Several miRs have been demonstrated to directly target FOXC1, enabling them to function as tumor suppressors in different cancers (14,25). For instance, it has been documented that miR-204 inhibited the migration and invasion of endometrial cancer cells by directly targeting FOXC1 (14), while miR-639 blocked tumor growth factor-β-induced EMT in human tongue cancer cells by inhibiting FOXC1 (25). Furthermore, miR-138-5p was downregulated in pancreatic cancer tissues and cell lines, and inhibited tumor cell growth in vivo by downregulating FOXC1 (26). In the present study, it was demonstrated that FOXC1 was a direct target of miR-133b, and miR-133b negatively regulated the expression of FOXC1 protein in OS cells. MiR-133b has previously been demonstrated to function as a tumor suppressor in OS (19). Zhang et al (19) documented that miR-133b was significantly downregulated in OS, which was associated with a high tumor grade, metastasis, recurrence and poor prognosis. Similarly, Zhao et al (27) reported that miR-133b inhibited the proliferation, migration and invasion of OS cells, and promoted their apoptosis. In the current study, it was also observed that miR-133b levels were significantly reduced in OS tissues and cell lines when compared with adjacent non-tumor tissues and normal osteoblast cells, respectively. Notably, a significant inverse correlation was identified between the expressions of miR-133b and FOXC1 in OS tissues, suggesting that decreased expression of miR-133b may contribute to the upregulation of FOXC1 in OS. Wang et al (28) recently demonstrated that miR-133 inhibited the migration and invasion of pituitary tumor cells by directly targeting FOXC1. Therefore, results of the current study provide greater insight into the miR-133b/FOXC1 axis in human cancers. Future studies should now focus on the regulatory relationship between miR-133b and FOXC1 in the growth and metastasis of OS in vivo.

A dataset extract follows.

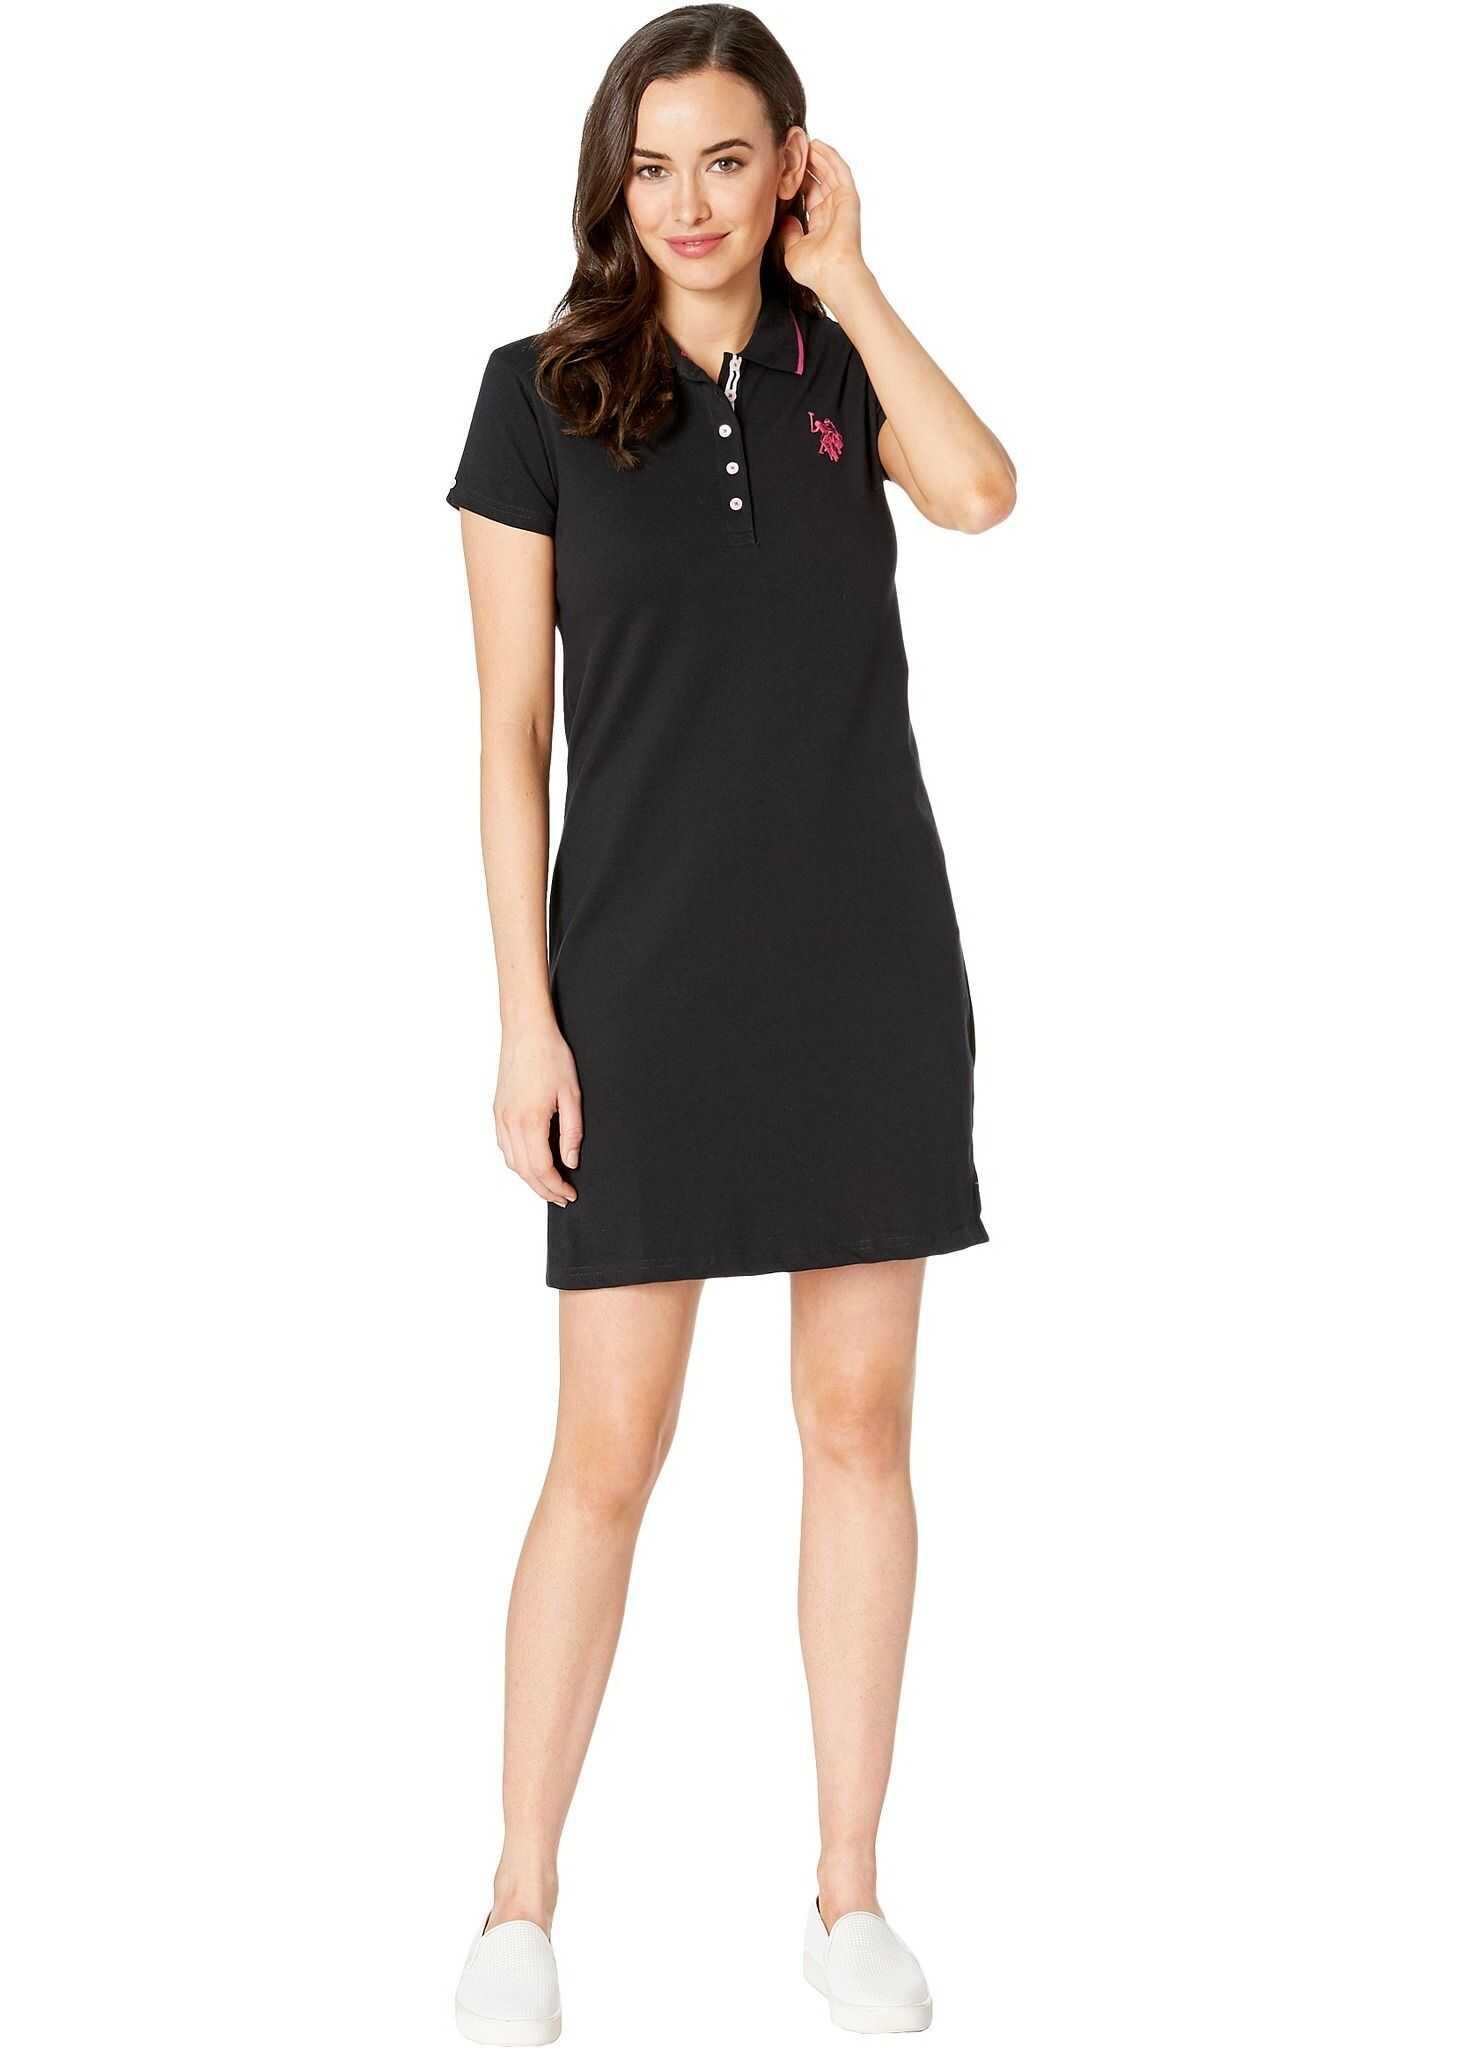 U.S. POLO ASSN. Plain Polo Dress Anthracite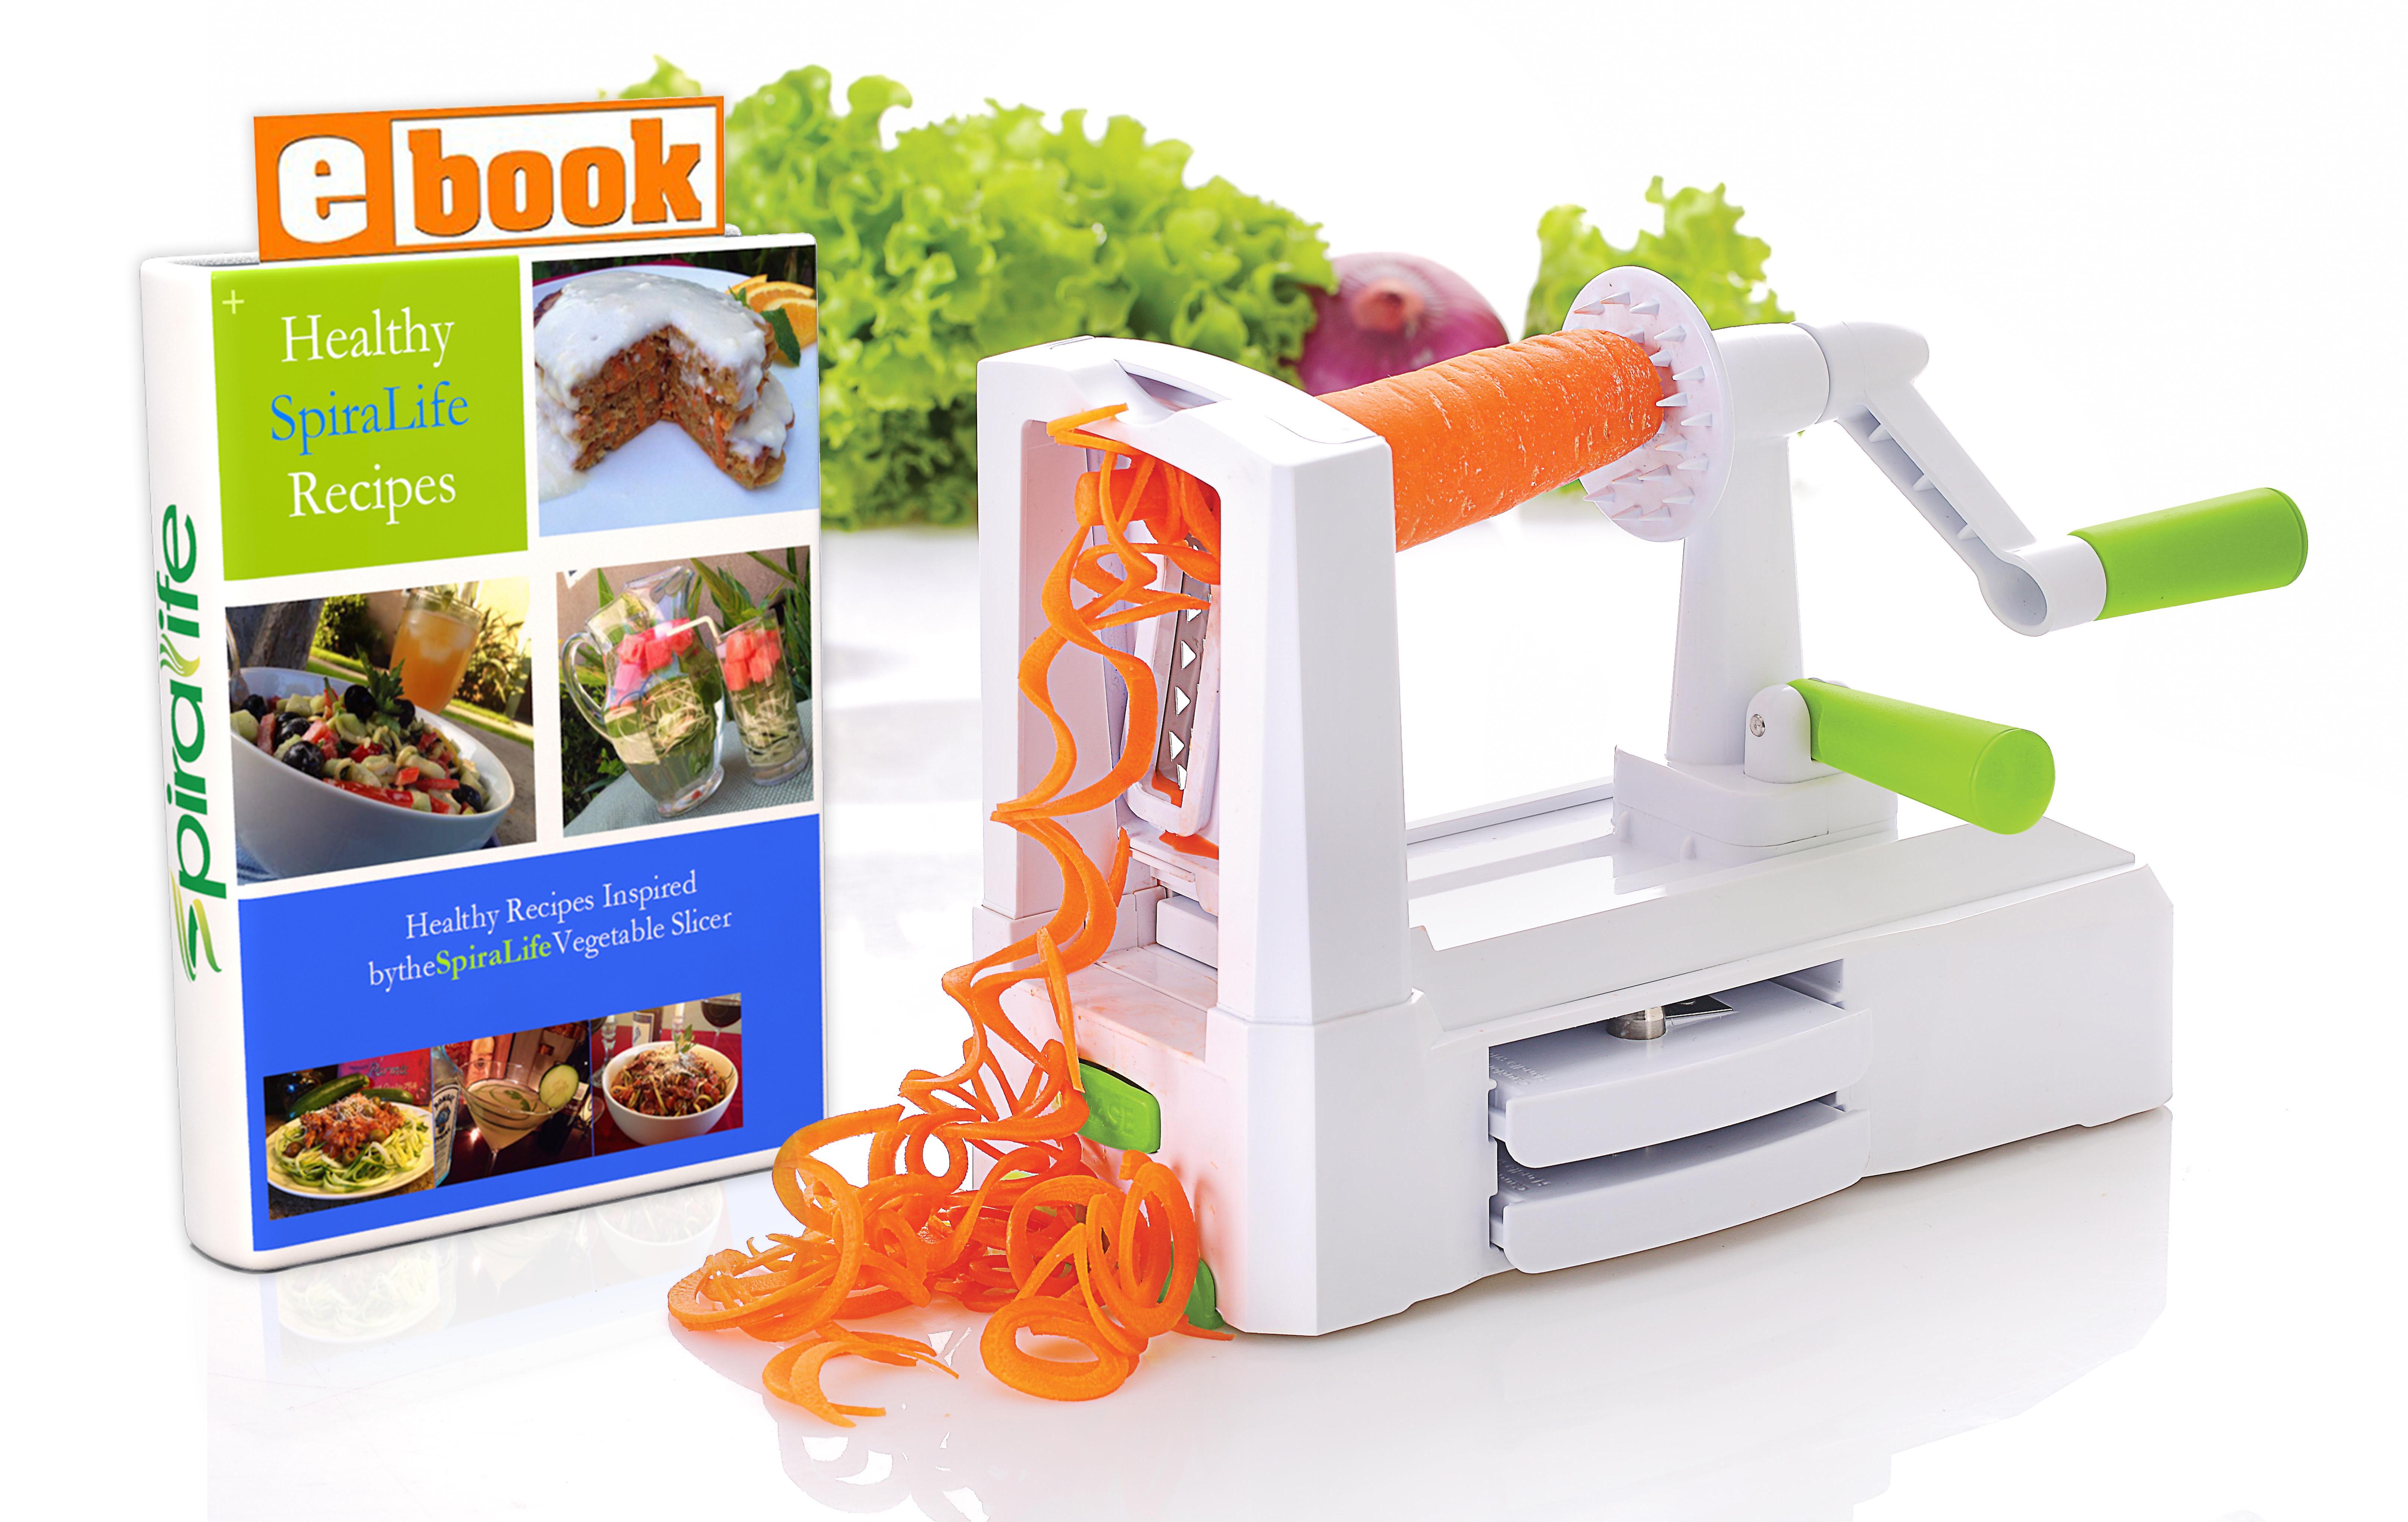 SpiraLife Pro Vegetable Spiralizer

In conclusion, the present results indicate that FOXC1 is directly targeted by the tumor suppressor miR-133b and serves a promotional role in the proliferation and migration of OS cells. Therefore, FOXC1 may be a novel therapeutic target in the treatment of OS. Future studies could clarify the relationship between FOXC1 and miR-133b in OS in in vivo models.